Chicken Soup in Budapest

This is my second trip to eastern Europe. The first one was to Russia in 1993. In both cases I would describe day one the same, as the day that never ends. You fly out in the morning, get to New York after a few layovers in the evening, and start across the pond just before sunset. You eat dinner, struggle to get comfortable enough to sleep, give up, and crack your cabin window open just far enough to see the sunrise at 12:30 a.m. You land geographically at 10:30 a.m.; mentally and physically it is 3:30 a.m. You feel like a missionary with a hangover. You are a missionary with a ‘tude. Every statement you make in your 10:30 geography with your 3:30 mouth is short, snappy, and laced with ill. Perhaps this is why on both of my mission visits to Europe our contact has a strategic plan called “take a tour of the city.” Pen the ill pot missionaries up on a bus, do not allow them to speak to the natives, they will love Jesus again after jet lag burns off.

In short, Budapest, Hungary is the most beautiful city I have ever seen. Moscow was amazing because it was so old, cold, and scary. Budapest is not only old but elegant. I asked our tour guide how Budapest compares to other European cities. He said there are five that a person must see: London, Vienna, Paris, Rome (I think he said Rome), and Budapest. I have now seen one of the five must see cities in Europe. Perhaps I will be able to visit the other four on my next cranky day tour during a future mission trip.
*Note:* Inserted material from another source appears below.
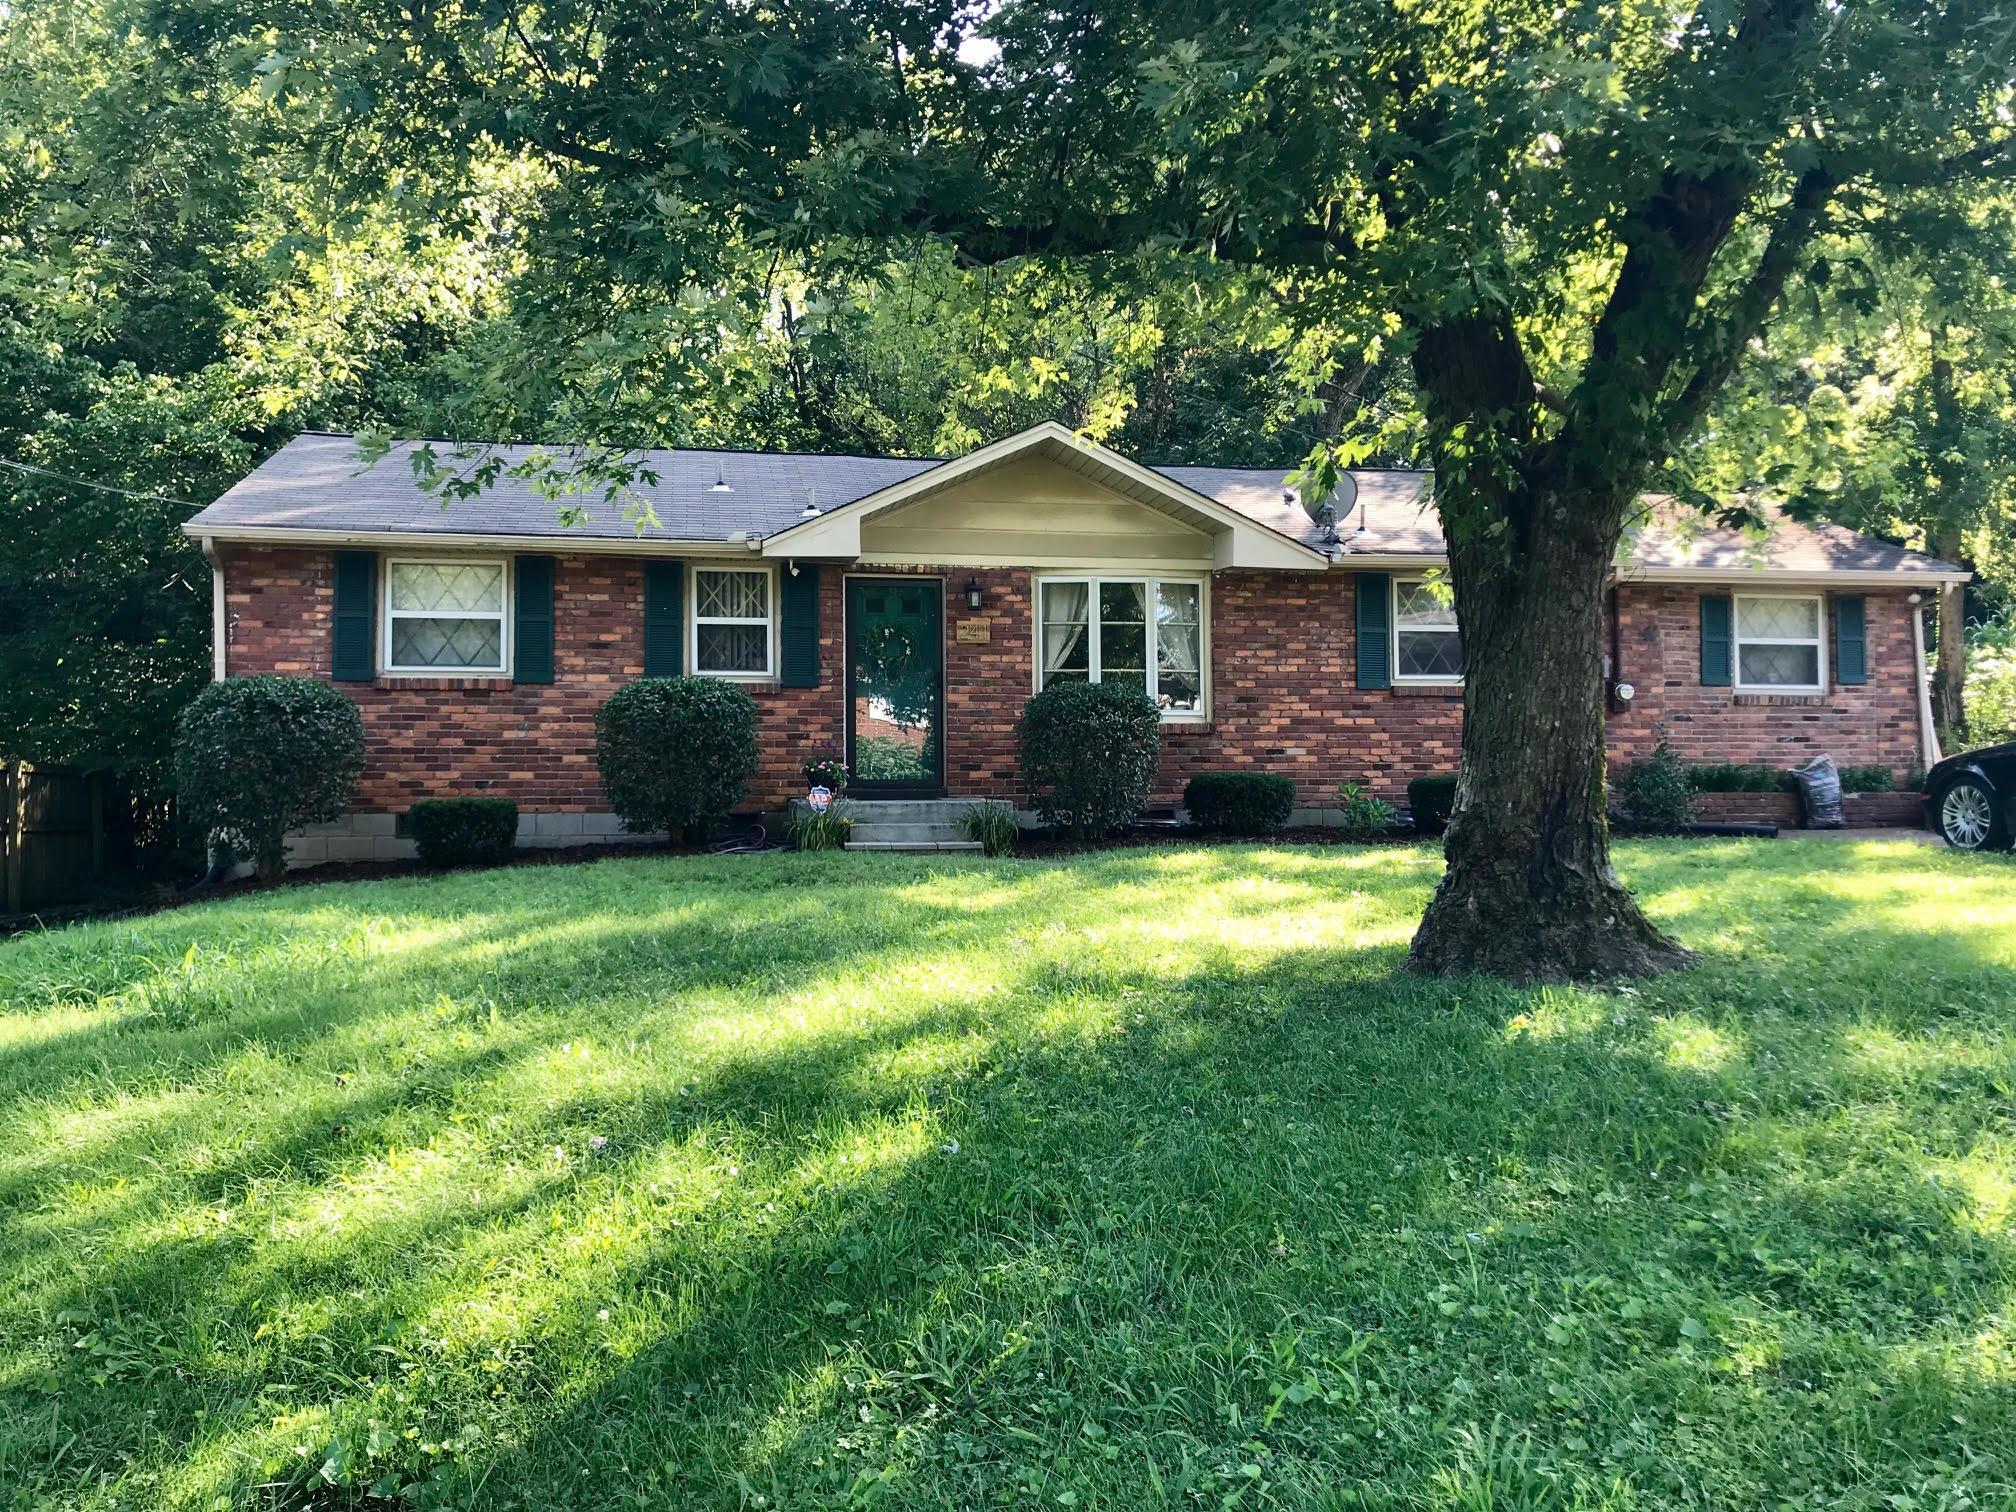 241 Willow Lane, Nashville, TN 37211 - Nashville, TN real estate listing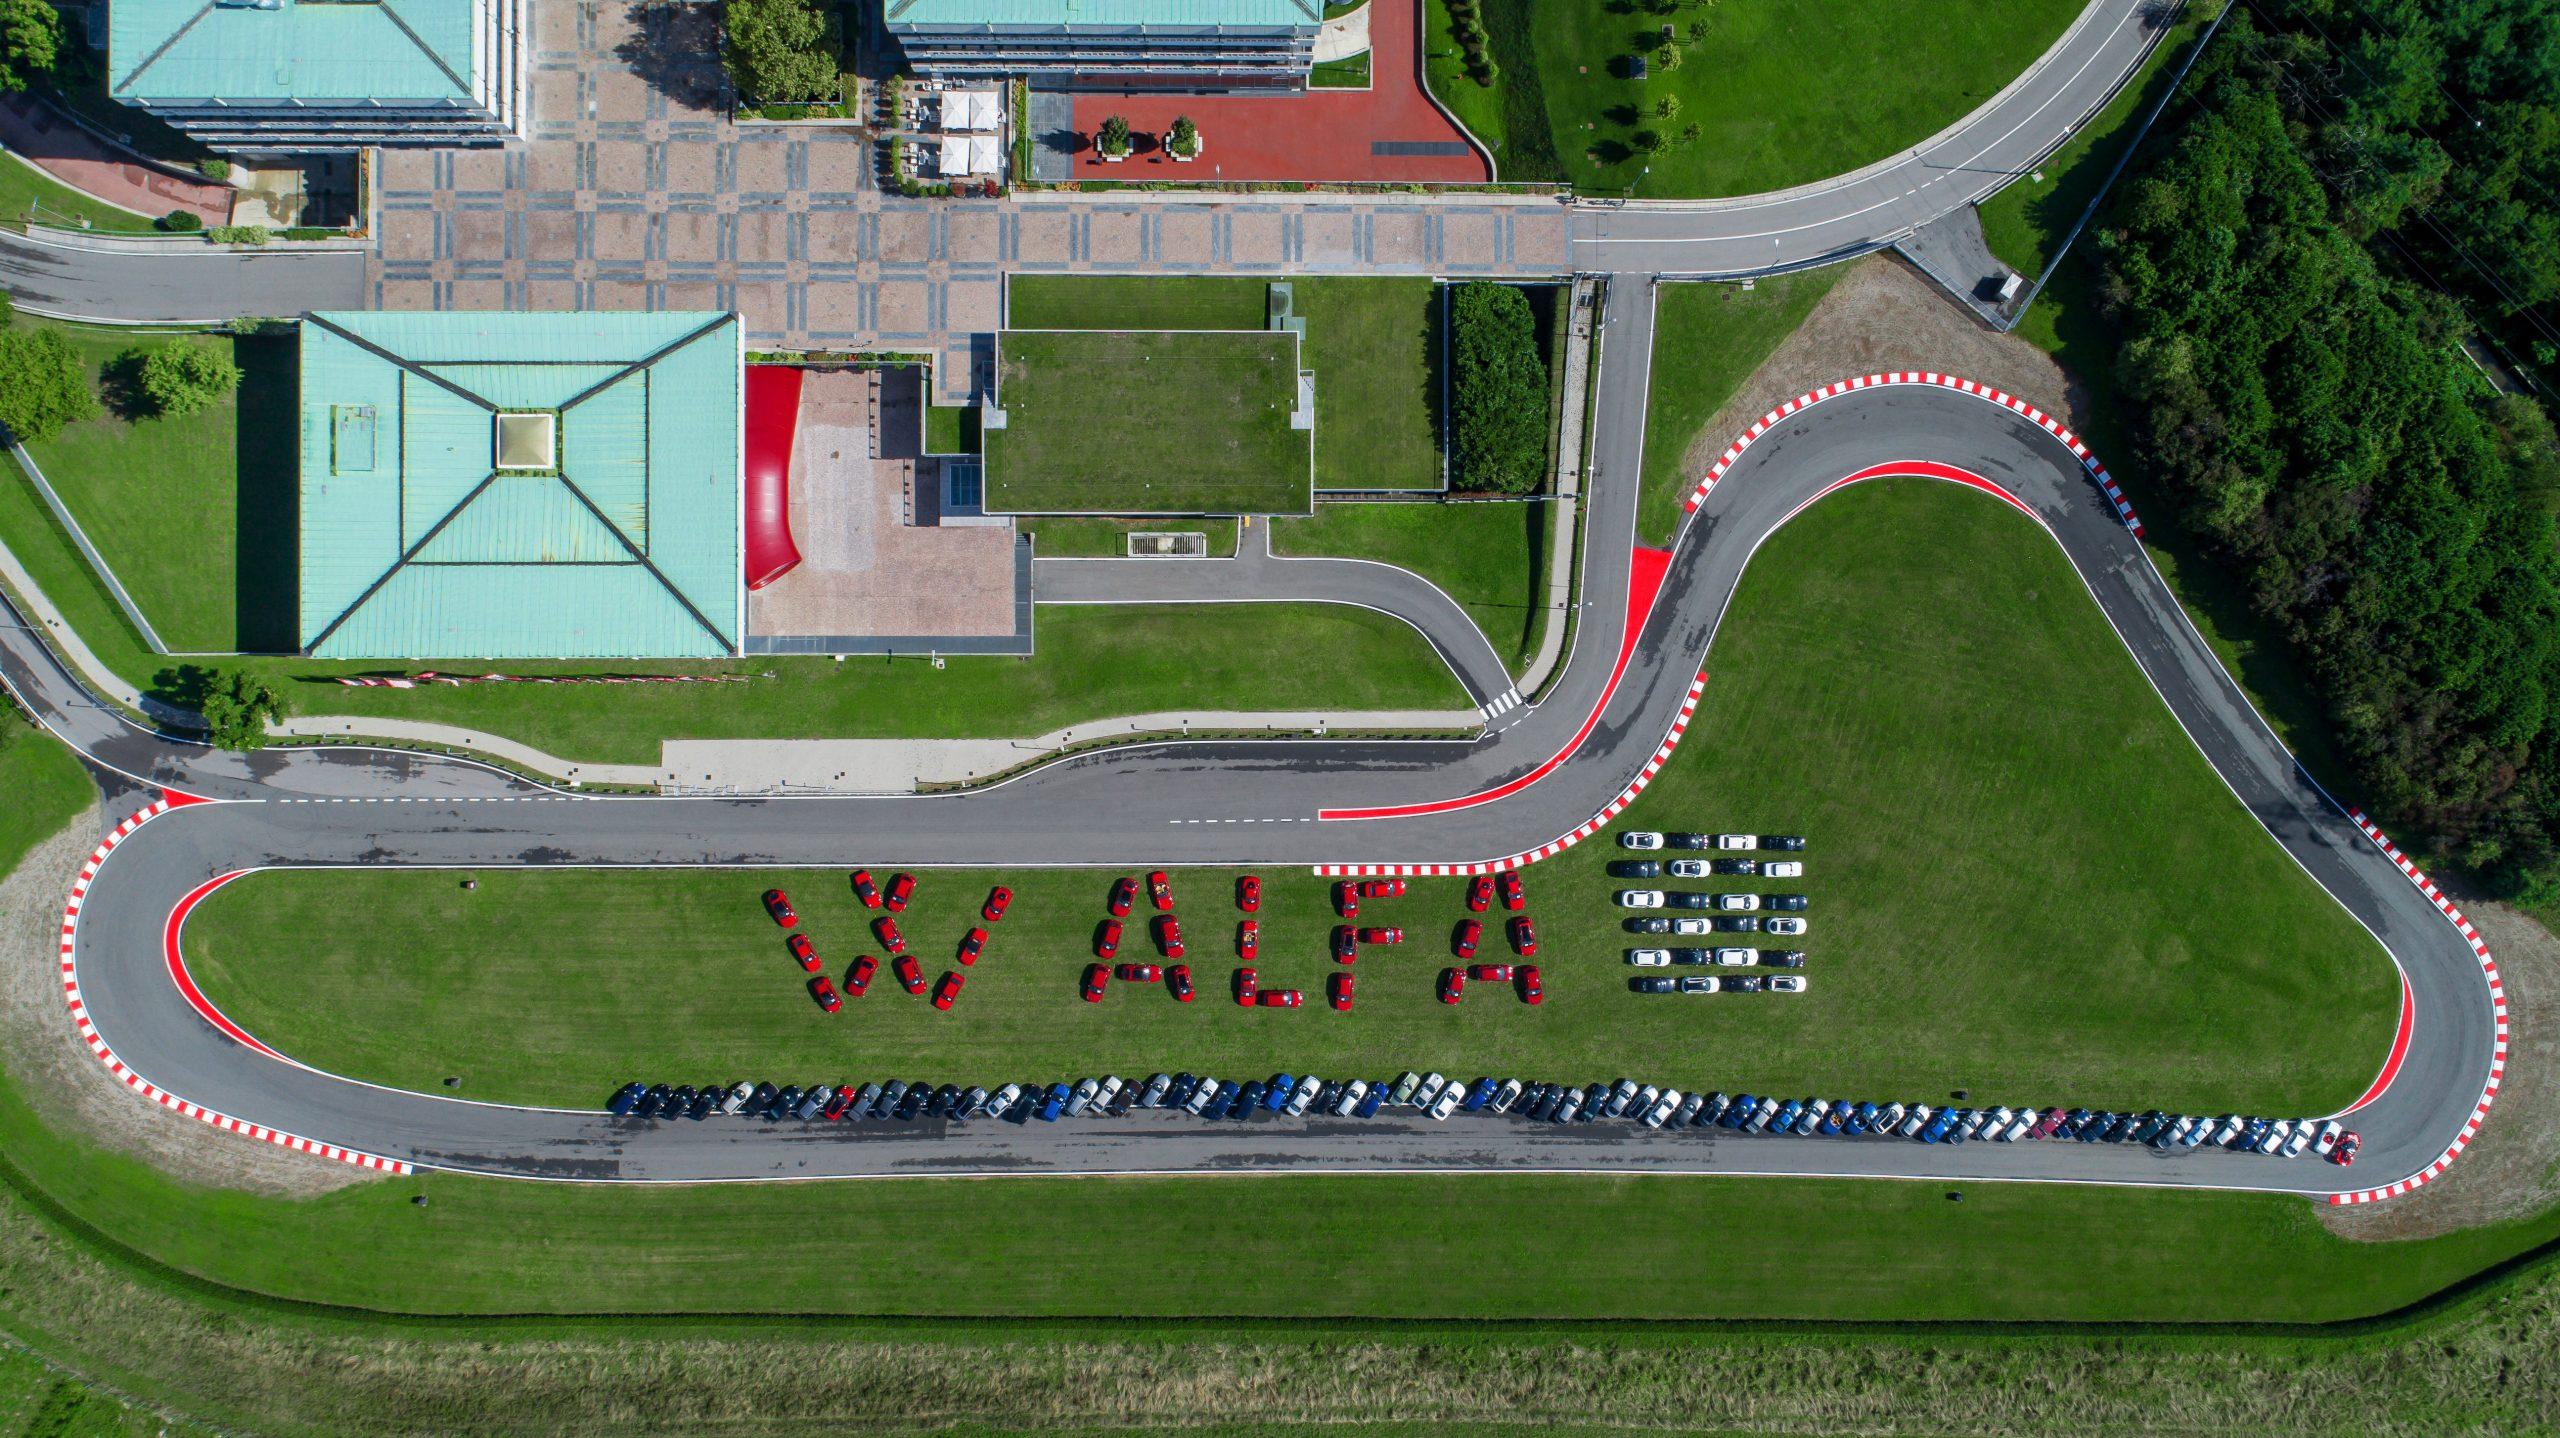 210610 AR 111 Anniversary HP scaled H Alfa Romeo προσκαλεί τους Alfisti για τα 111α γενέθλια της Alfa, alfa romeo, Alfa Romeo Giulia, Alfa Romeo Giulia GTA, Alfa Romeo Giulia GTAm, ειδήσεις, Νέα

We ate dinner tonight in the Citadel on a hill called Panorma. I got the impression that since we were an American group they wanted to feed us something familiar. So I looked at Brent to my right and said, “I never really pictured myself eating Chicken Noodle Soup, fried chicken, and fries in a European Citadel in Budapest listening to a Hungarian String Band.” Yet, my non-dream has become a reality. I have walked Red Square, baptized my eldest daughter, and eaten “Chicken Noodle Soup, fried chicken, and fries in a European Citadel in Budapest listening to a Hungarian string band.” My life is complete. Yes, like a tourist, I bought the Hungarian string band CD.

Tomorrow (6/5), we travel to Oradea, the actual site of our mission. So far this mission has been the surreal moment I wanted it to be. Standing at Panorma overlooking Budapest it was hard to believe that I was actually there with my family. There would be no thought of “I can’t wait to tell Shannon about this,” she was there. My daughters saw what I saw. We experienced the never ending day and its cranky tour together. I could not ask for anything more. I am blessed. God is good.